I have found in my own life that in order to have freedom, I have to have money. So I have been finding ways to make money efficiently, not so I can live the stable, American dream, but so that I can be independent and a little more free. 

perhaps you might look into a lifestyle of working 50% of the year and then traveling for the next 50%. or something like that. there are also cool opportunities to volunteer while traveling, like WWOOFing and such. 

Or maybe you can travel in a more economical fashion? like biking or hitching. 

just throwing ideas out there, in case you want them. the world is full of opportunities for those of us who have a mind to look.


----------



## freegander (Feb 13, 2017)

btw, i really enjoyed reading your thoughts and the opportunity to meditate on my own life through yours. your English is more than understandable.


----------



## Tude (Feb 13, 2017)

Wow - thank you for your travel story - I do hope you had an epic time!! I currently work in a Global Education department at a community college and have contact with people from at least 50 countries.


----------



## otch0z (Feb 13, 2017)

Thank you very much @freegander for throwing ideas, I definitely have to do something about it, I mean it's about my happiness it's not nothing haha
Also I'm really happy you enjoyed reading me, I was kinda concerned my writing would be too "heavy" and nobody would get to the end 

On a hand I have to get back to the US, I feel I haven't explored enough and I just started meeting people when I left. Three months is not enough (obviously), and on the other I'm still afraid to like, squat and shit because I've never done that, and I don't want to get back to France to do that because my interest is in the US for the moment (but english is not my first language and even if I got better at it there are still situations in which I don't understand what is happening/people talking. Also, I'm worried about not having a shelter, that's why I like traveling with a van so much

But yeah I mean I could hitch, it's quite common where I come from and I like that, but I have to get over the whole shelter thing first I guess


----------



## otch0z (Feb 13, 2017)

Tude said:


> Wow - thank you for your travel story - I do hope you had an epic time!! I currently work in a Global Education department at a community college and have contact with people from at least 50 countries.


(i tried to quote for the first time, i hope it works)

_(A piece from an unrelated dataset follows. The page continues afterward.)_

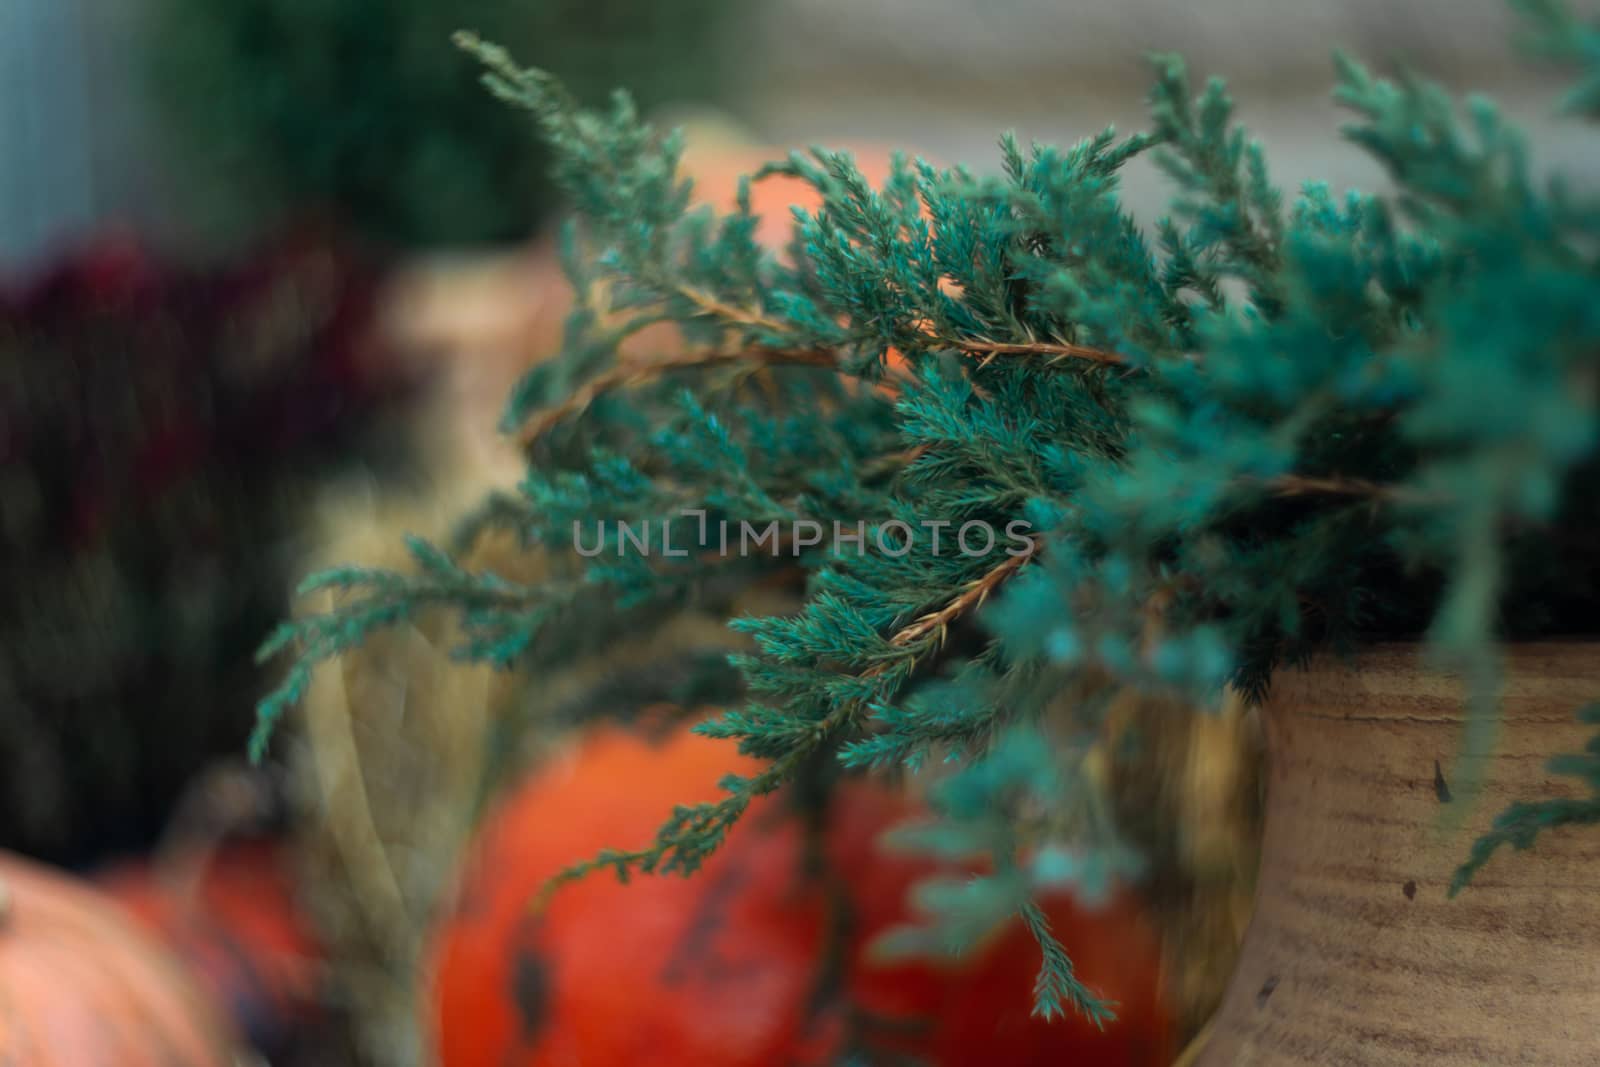 Pumpkin and straw near green thuja in front of stone wall. Halloween decoration.
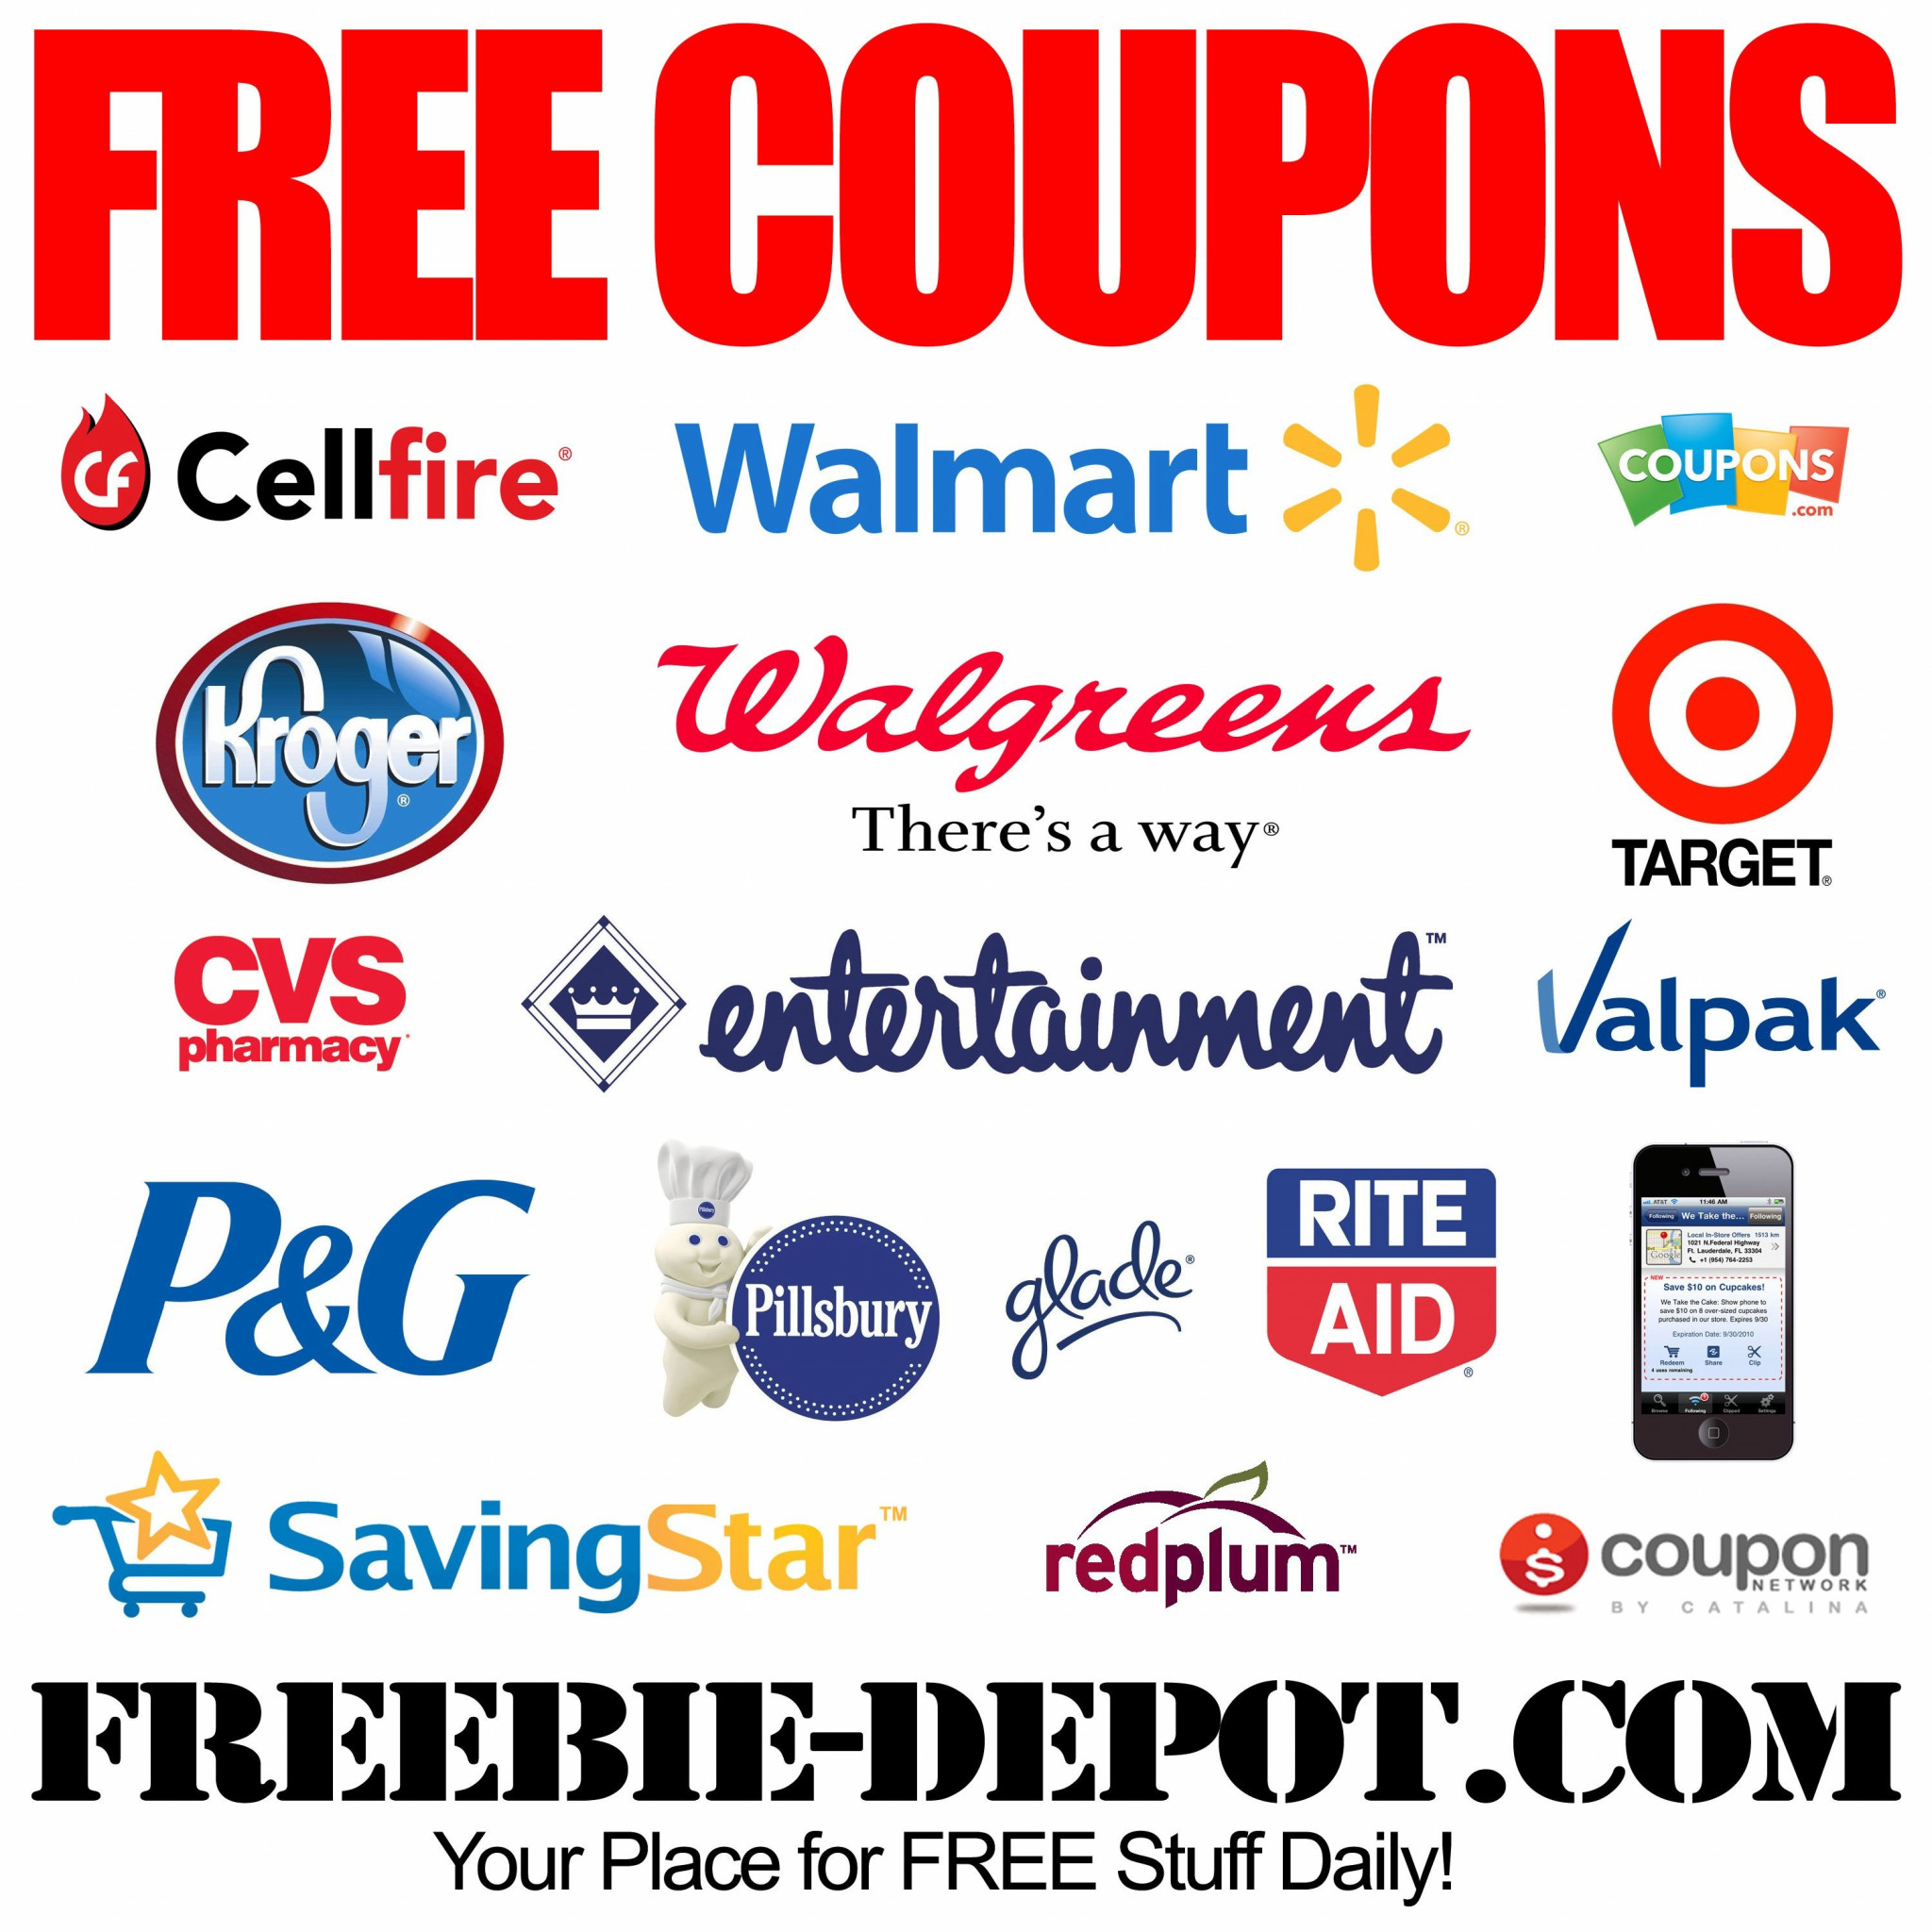 grocery-coupons-printable-free-no-registration-printable-templates

Hey that sounds like a pretty cool job ! What is it exactly ? Teaching ?
And I had a more than epic time yep ! being far from home really helped I guess


----------



## Jone (Feb 14, 2017)

You're English is fine. Dont let fear of not having enough stop you. Do what makes your heart feel good/joy. Maybe i have good luck, but whenever i really need something, its litteally in arms reach, or, you just have to walk---for a bit, and what you seek, you will find. Busking is THE Way, hope i run into you sometime, would love to play!!! A practiced saw player is a rare thing. When you're creative n pay attention, you can deal with most situations. I think its also good to do some time working n earning, n some time being mobile. Listen to ur <3 n Good luck!!!


----------



## Anagor (Feb 15, 2017)

otch0z said:


> Hey everyone
> I don't know if anyone will read or answer that post. !



I really like your post and I can relate to many things you wrote.


----------



## Anagor (Feb 15, 2017)

Jone said:


> Do what makes your heart feel good/joy. Maybe i have good luck, but whenever i really need something, its litteally in arms reach, or, you just have to walk---for a bit, and what you seek, you will find.



Yep, the road provides. That is an experience I made so often.


----------



## otch0z (Feb 15, 2017)

Hey thanks @Anagor ! Guys, all your comments make me braver and make me feel like I can do this ! Thanks again


----------